Birth Name: Philip David Charles Collins
Born: January 30, 1951
Birth Place: London, England
Nationality: English
With a remarkable combination of
middle-of-the-road appeal and talent and vision
that has produced some of the better music of his
time, composer-singer-drummer-actor Phil Collins
has made an indelible impact on the entertainment
industry. Truly one of the hardest working men in
show business, he has written for and performed
with two legendary and vastly different bands, found
great success as a solo artist and nursed a budding
acting career, all at the same time. While considering
himself a drummer above all else, the musician has
written some of the most memorable songs in contemporary
pop music and has proven a powerful and universally
recognizable singer. Because of his unfaltering
dedication to his craft and his place in Genesis,
one of the most influential rock bands of the day,
Collins managed to win both popular success and
the respect of fellow musicians, hitting the top
of the pop charts while also being called upon to
perform with such modern legends as Eric Clapton,
Sting, Robert Plant and Quincy Jones. His musical
credibility and capability have served well many
a film that has procured his songwriting services.

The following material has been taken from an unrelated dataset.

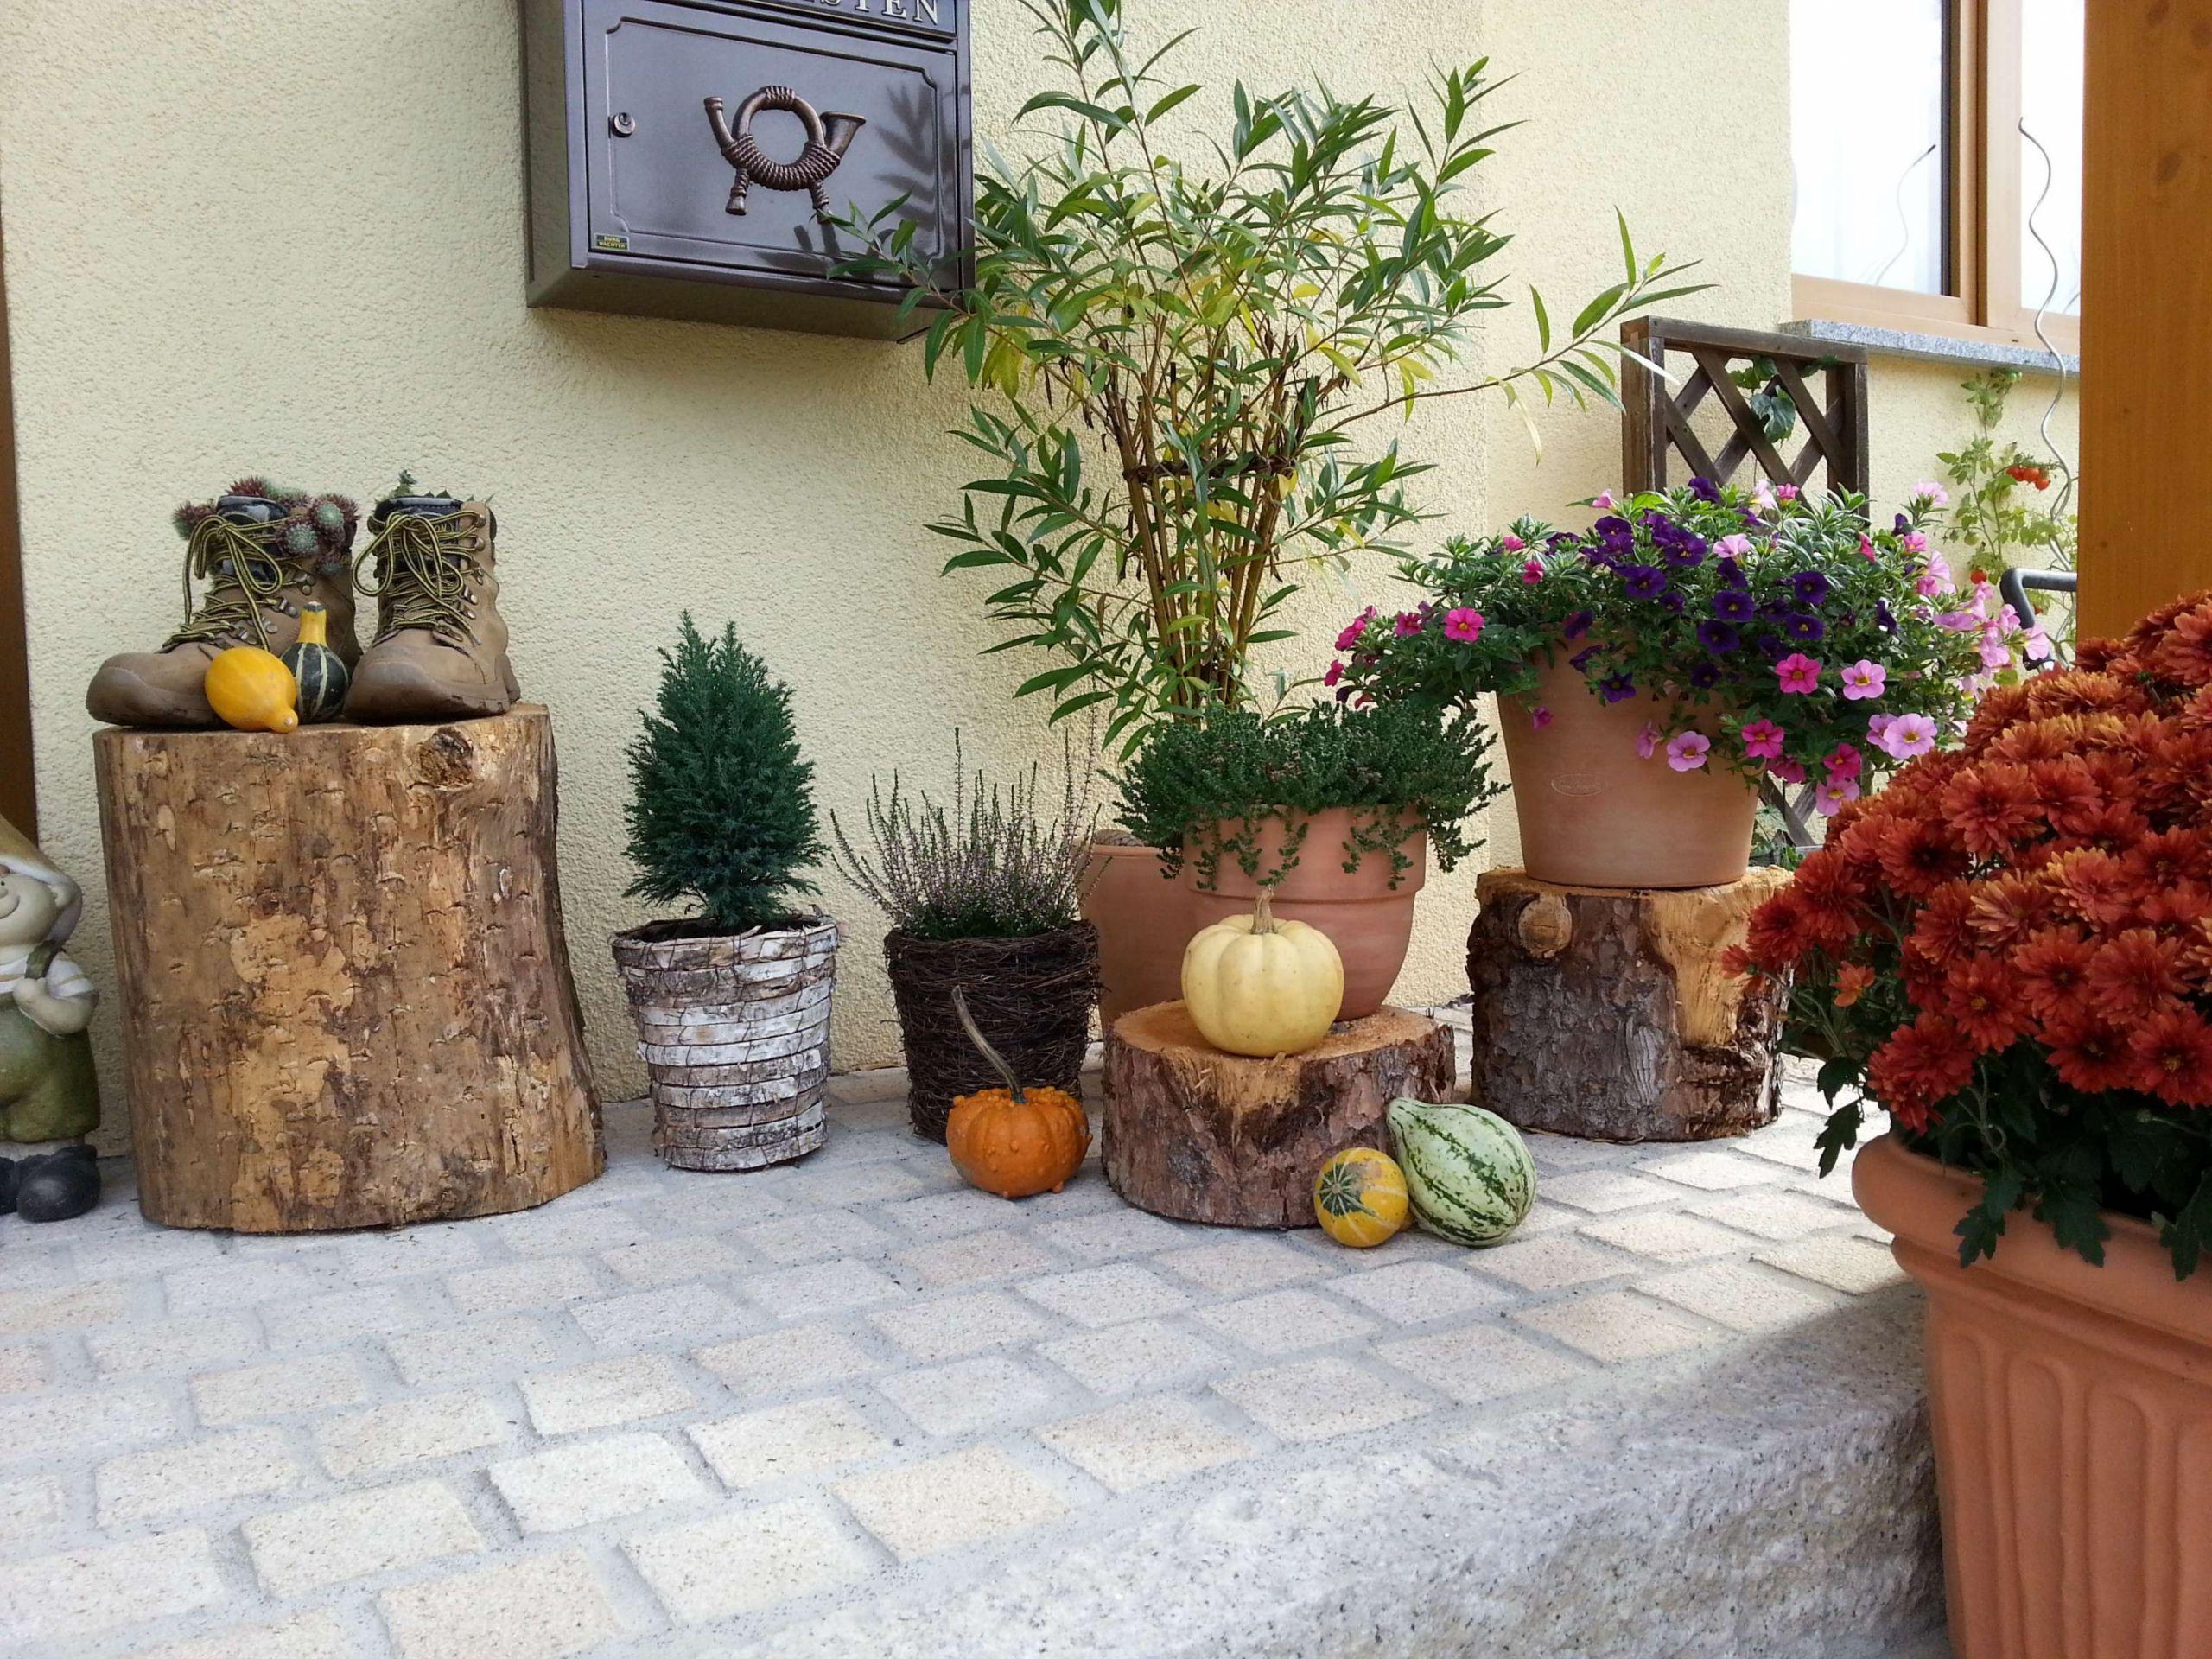 Bastelideen Für Den Garten Inspirierend Osterdeko Selber Machen Für Draußen — Temobardz Home Blog

After a short 1969 stint with the
band Flaming Youth, the London-born Collins auditioned
for Genesis,
then an up-and-coming progressive rock band fronted
by promising musical visionary Peter Gabriel. Hired
as the band's drummer in 1970, he debuted on their
1971 album "Nursery Cryme". The drummer
first sang lead with the moving ballad "More
Fool Me" from Genesis' 1973 concept album "Selling
England By the Pound". Despite the positive
reaction to the track and the reality that Collins'
voice was in many ways technically superior to Gabriel's,
when the front man left the art-rock outfit to embark
on his solo career, the remaining band members auditioned
hundreds of singers unsuccessfully before finally
giving Collins lead vocal duties in 1974. Genesis'
first album without Gabriel was not released until
two years after his departure, but Collins kept
busy as drummer of the fusion jazz project Brand
X, another experimental and influential combo. At
varying times throughout his career, the industrious
Collins managed to record with Genesis and Brand
X concurrently, even while undertaking huge world
tours with the former as well as working on solo
material.
Collins' work with Genesis began
to move away from the band's original epic laden
art-rock foundation and into a more radio-friendly
pop/R&B inflected sound. This change grew more
and more evident, and by 1981 Genesis had scored
a veritable pop hit with the brass-heavy "No
Reply at All" off their release "Abacab".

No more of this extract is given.